Emmy is a long time blog friend of mine- I feel a special kinship with her because she is a fellow book lover.  She always has great suggestions for books and often reviews what she has read recently.  If you love books as much as we do make sure to check out her favorite book project.  I was totally hooked with her last post about how to show support to other bloggers  (except for I'm opposite of Emmy- I get uncomfortable when someone I know IRL checks out my blog.)  Other great posts you might relate to are I want to do everything and My Tattoo Story.
Blog// Twitter


JORDYN @ FAIRY TALE PRINCESS DIARIES


Jordyn is obsessed with Taylor Swift and claims she should rename her blog, "Like a Taylor Swift song, but less catchy." (Hey, Jordyn looks just like Taylor- why not!)  Her blog's got lots of sass and spunk.  For a great slice of Jordyn try "You don't know about me, but I bet you'll want to" or this post about staying true to yourself in the blogging world.  My  personal favorite, though, is this post about lessons learned from being a "serial monogamist."  Some amazing advice there, Taylor... errr Jordyn!
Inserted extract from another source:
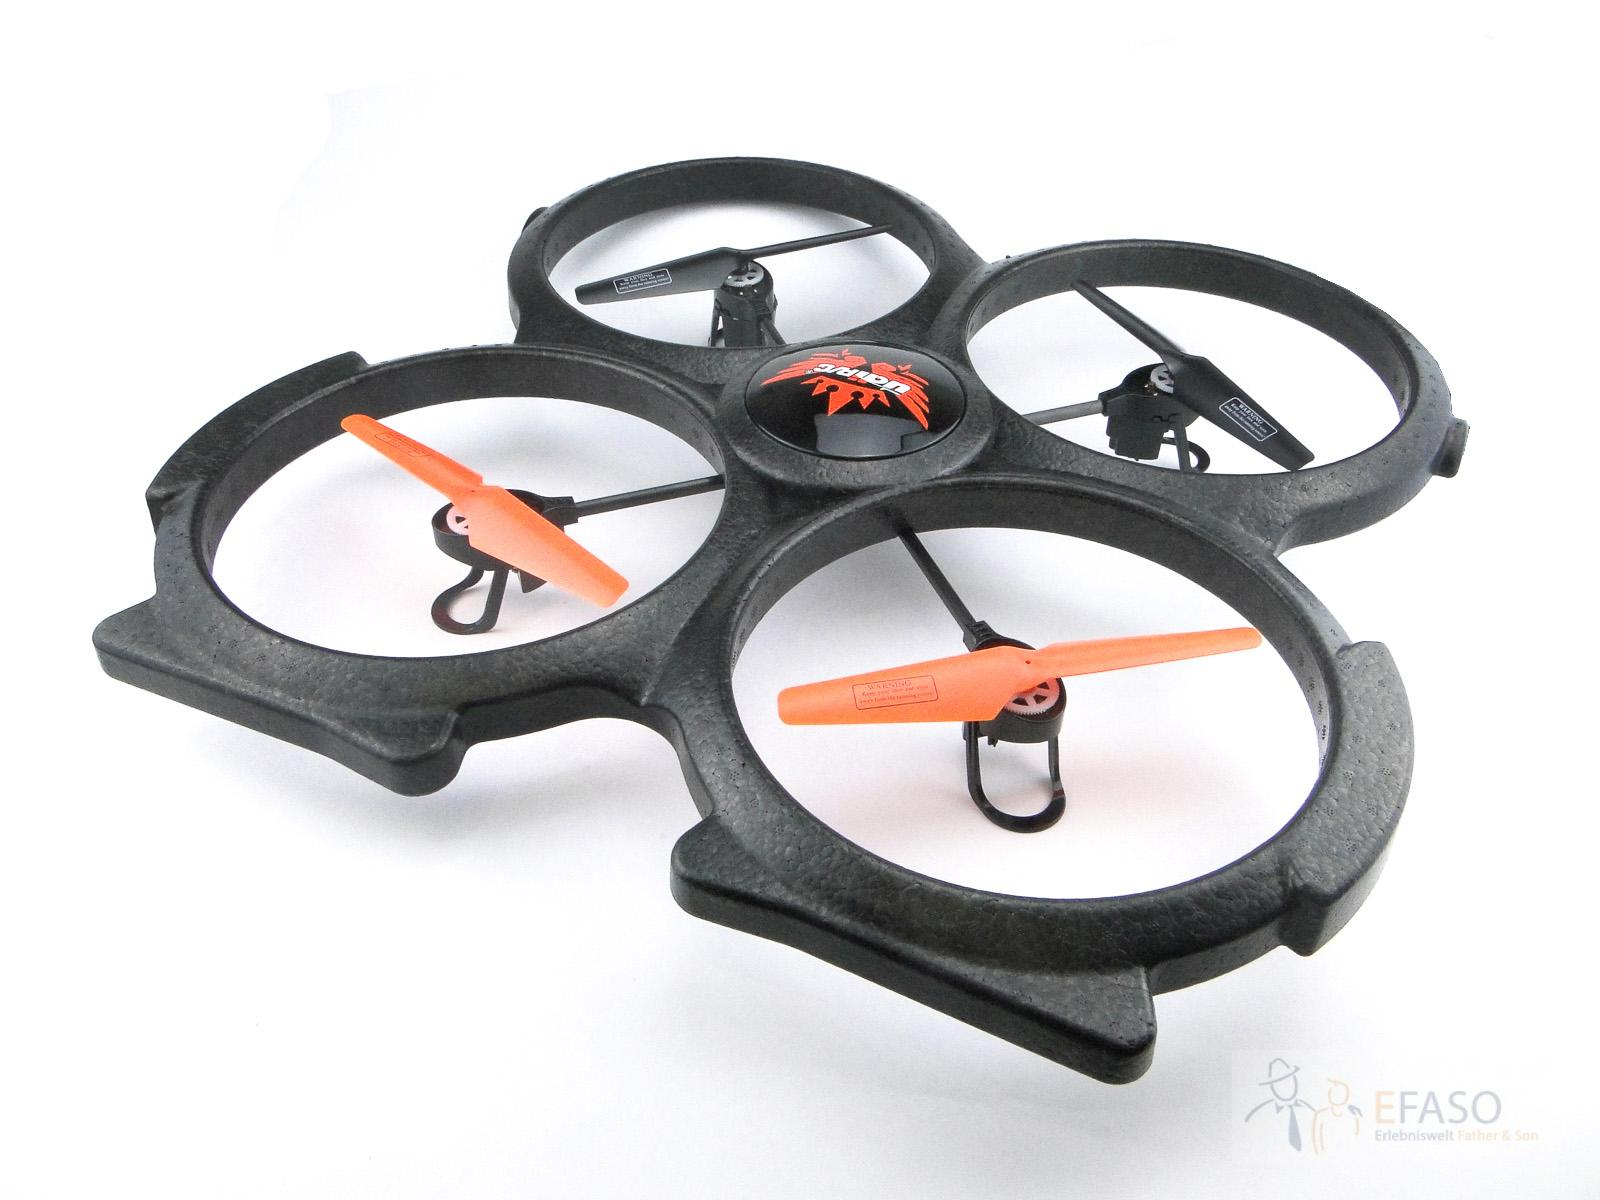 UDI U829A RC Quadcopter, 2,4 GHz, Modell 2015 mit Kamera ...

Nicole's blog is witty, fresh, and funny.  According to her, one of her blogging strengths is "not too many grammatical errors," so she's got that going for her too!  I laughed so hard at this spin on ways to get people to read your blog- I promise it's not what you think.  Also, this post on the four people you need if you're going to hack it in blog land is dead on.  Everything she writes is hilarious so do yourself a favor and check out her best of page- I'll see you in three hours!




If you are looking to meet a lot of bloggy friends then look no further than Laura's blog!  Laura hosts a weekly Wake up Wednesday link up with a giveaway where at least 100 bloggers always link up.  A great place for networking and frienshipping and not to mention the frequent, easy to enter giveaways.  Some of my favorite posts of hers are this one on overprotective parenting and this hilarious bit about traveling with dogs.  If you have pups you can certainly relate!
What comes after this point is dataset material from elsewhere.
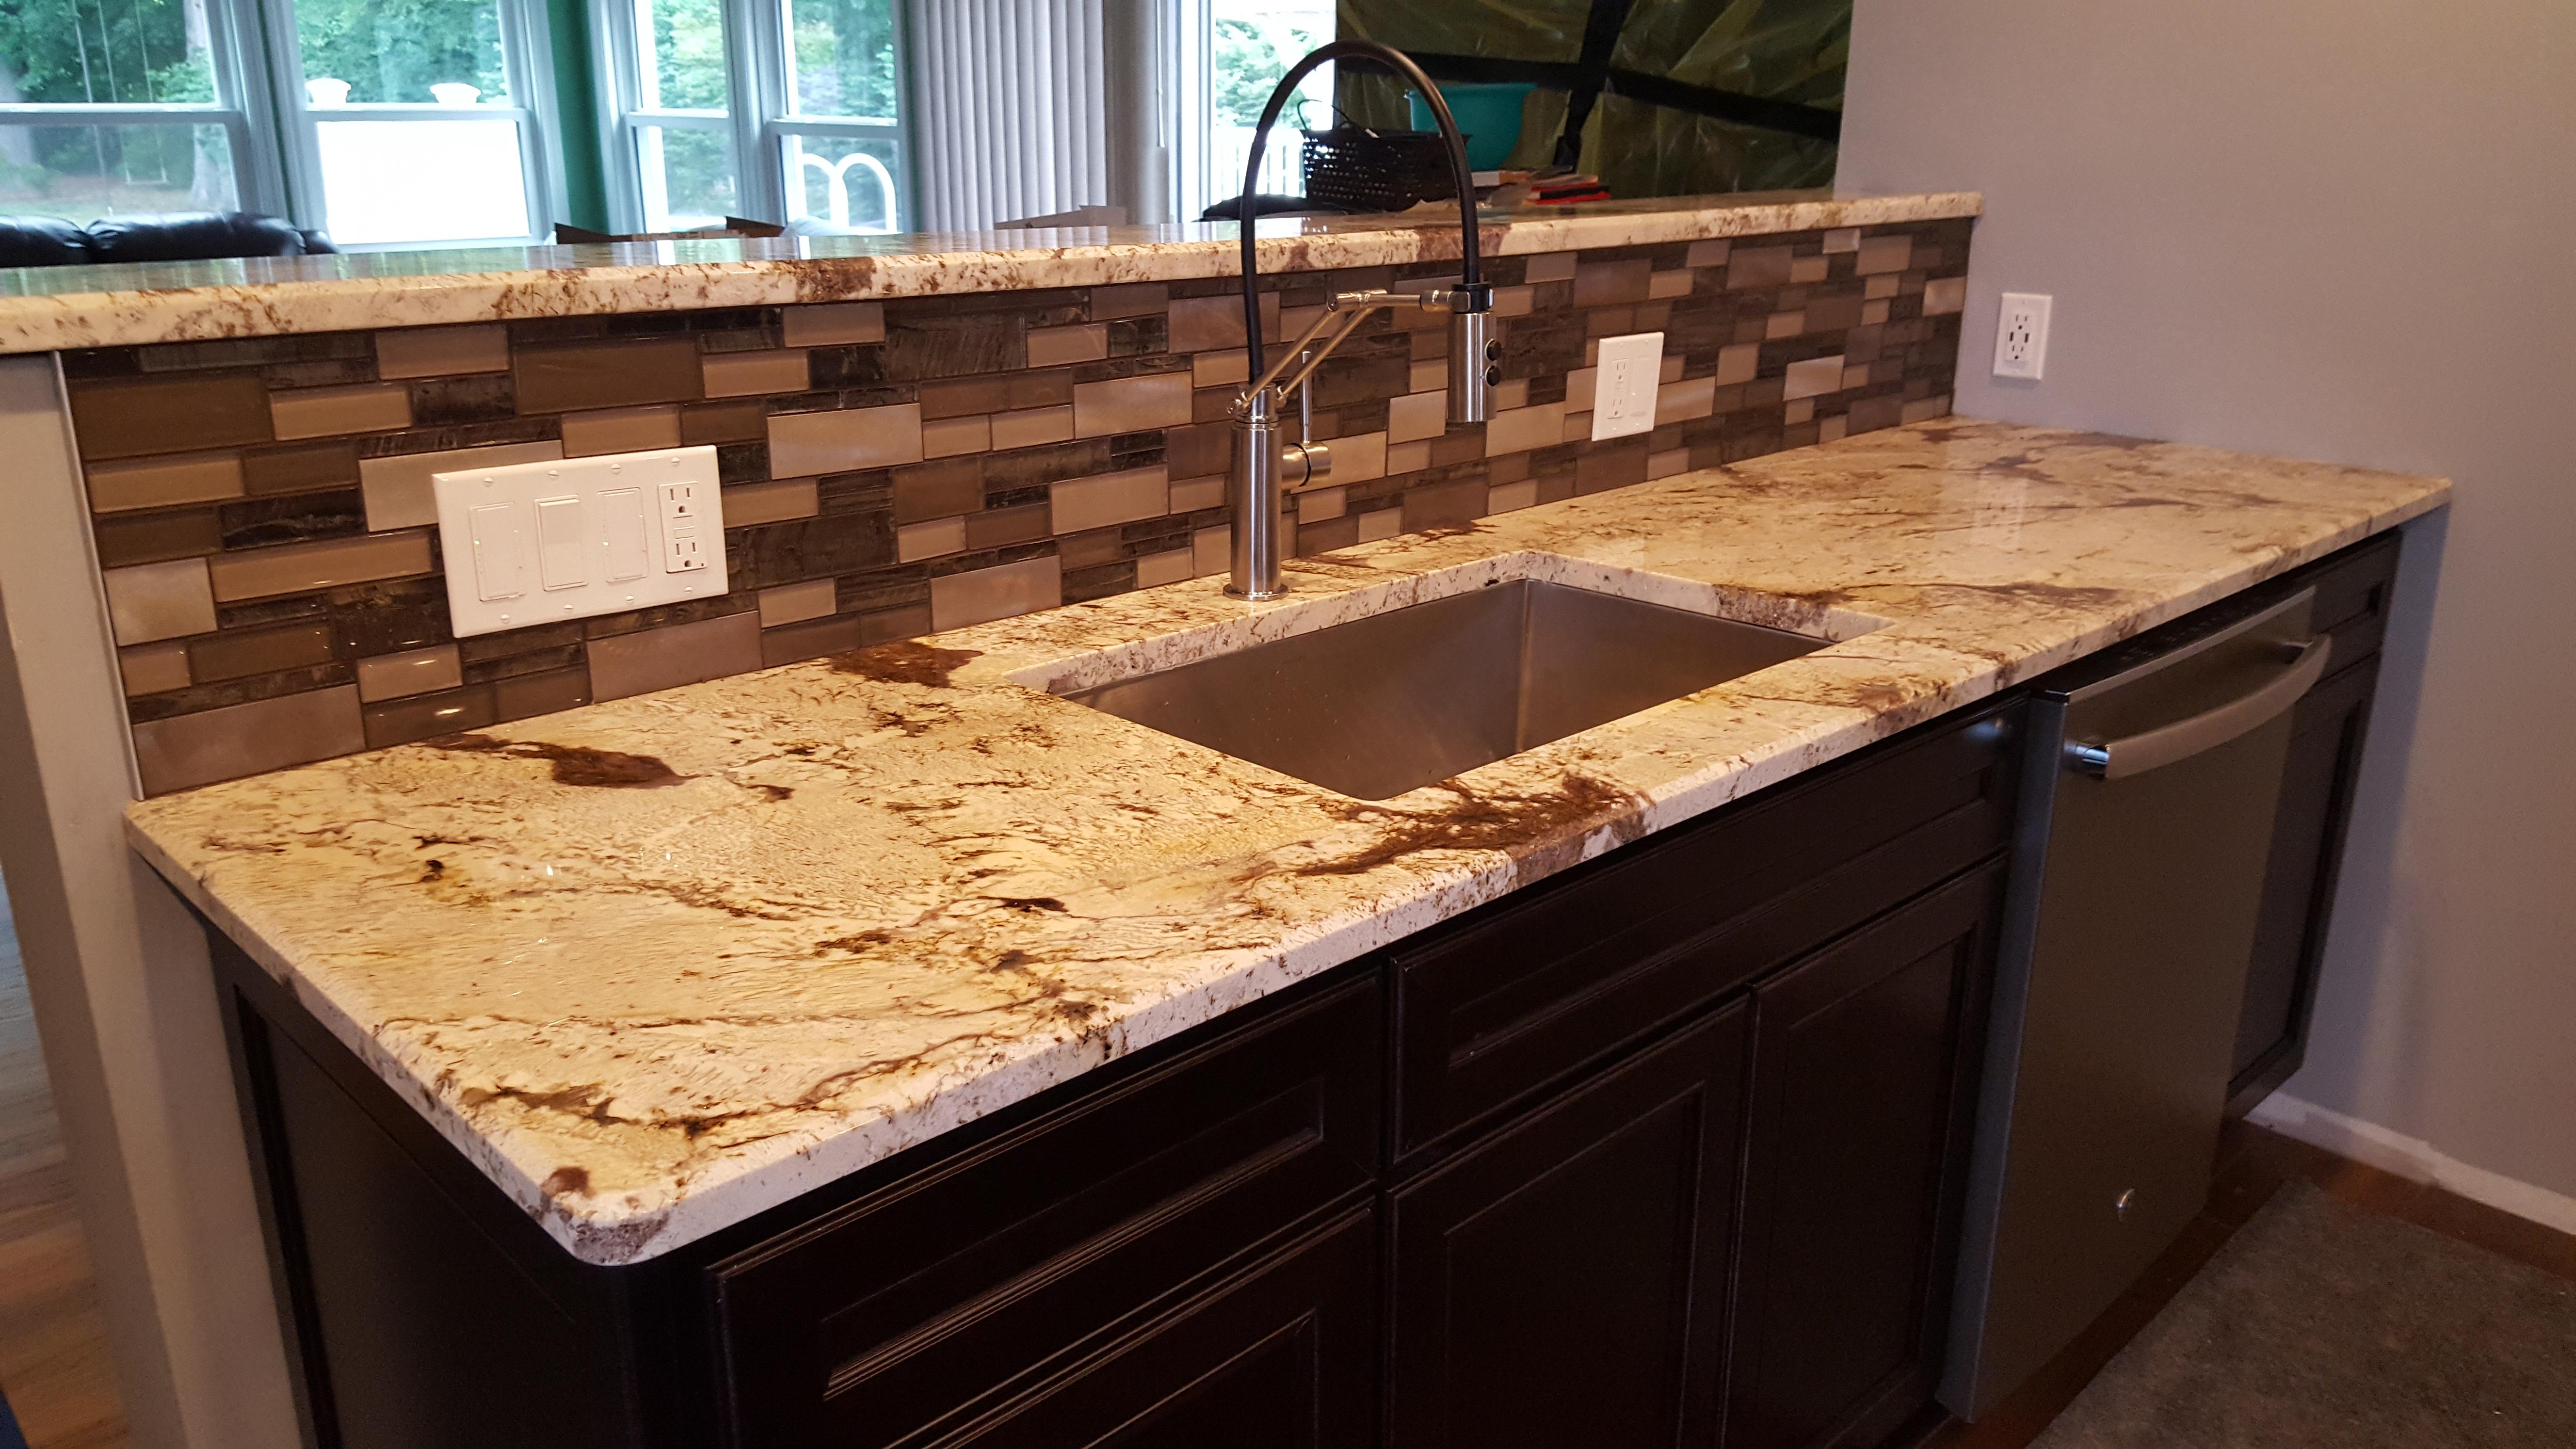 Sink with backsplash

Katherine's blog is truly unique in that her posts are VERY short VERY succinct and you can never read just one.  Everytime I visit Katherine's blog I end up reading twelve blog posts before I even realize what has happened to me.  She is passionate and opinionated and always incites comments, which I love.  According to her, she writes about  "the human experience, the Mormon experience, and the woman experience in a way that is uniquely Katherine."  Some great posts to get you started are this one on how breaking bad encourages meth use, Is it Any Wonder? and Some Mansions.
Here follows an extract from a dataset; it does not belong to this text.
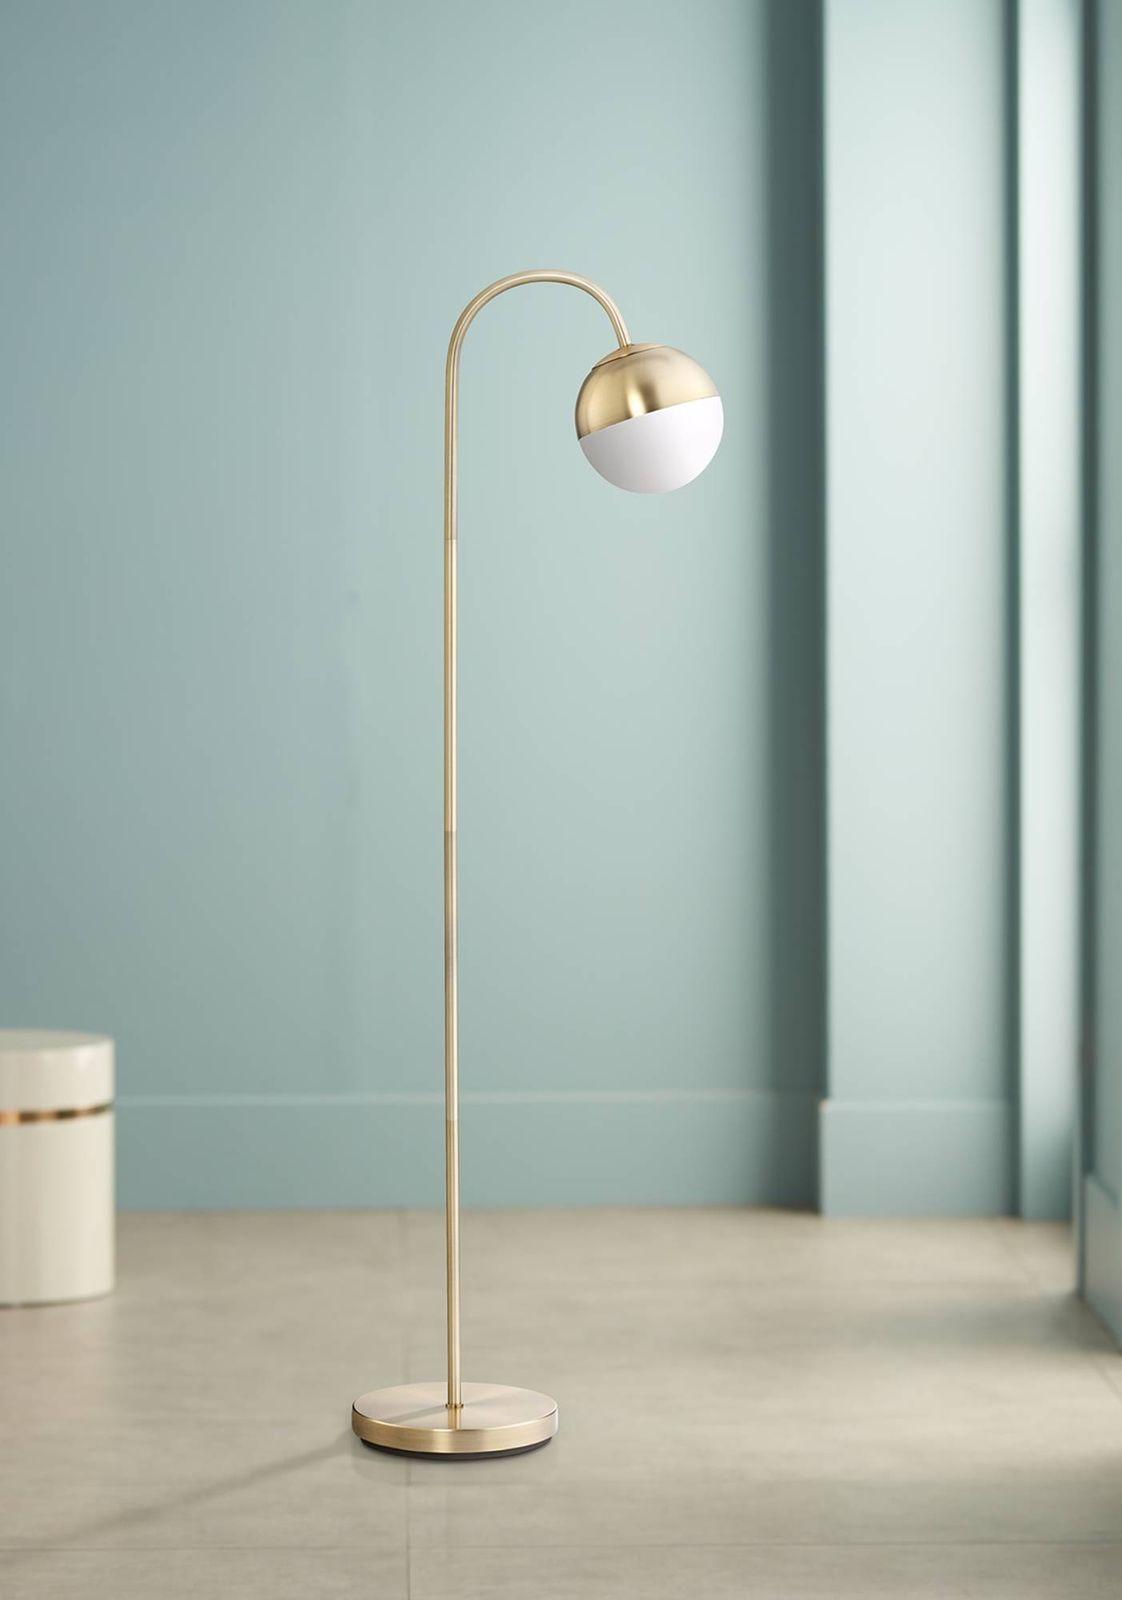 Mid Century Modern Floor Lamp Brass Round White Glass Globe For Living Room Ebay With Images Mid Century Modern Floor Lamps Modern Floor Lamps Brass Floor Lamp

Kelly's blog has got a little bit of everything.  She has been on a mission to lose 100 pounds (WOW!) and her motivation is seriously inspiring.  Her little brother is serving an LDS mission in Rwanda and her Missionary Monday posts she does about him are so fascinating.  I also greatly enjoyed this post- "Zero is not a size." (Although I still can't decide if I agree...)  Oh- and I can't forget this post poking fun of all the pregnant bloggers- yes, there are SO MANY of us right now, I agree!  I tried to tell all the other bloggers that only I could be pregnant right now, but they didn't listen.  Rude!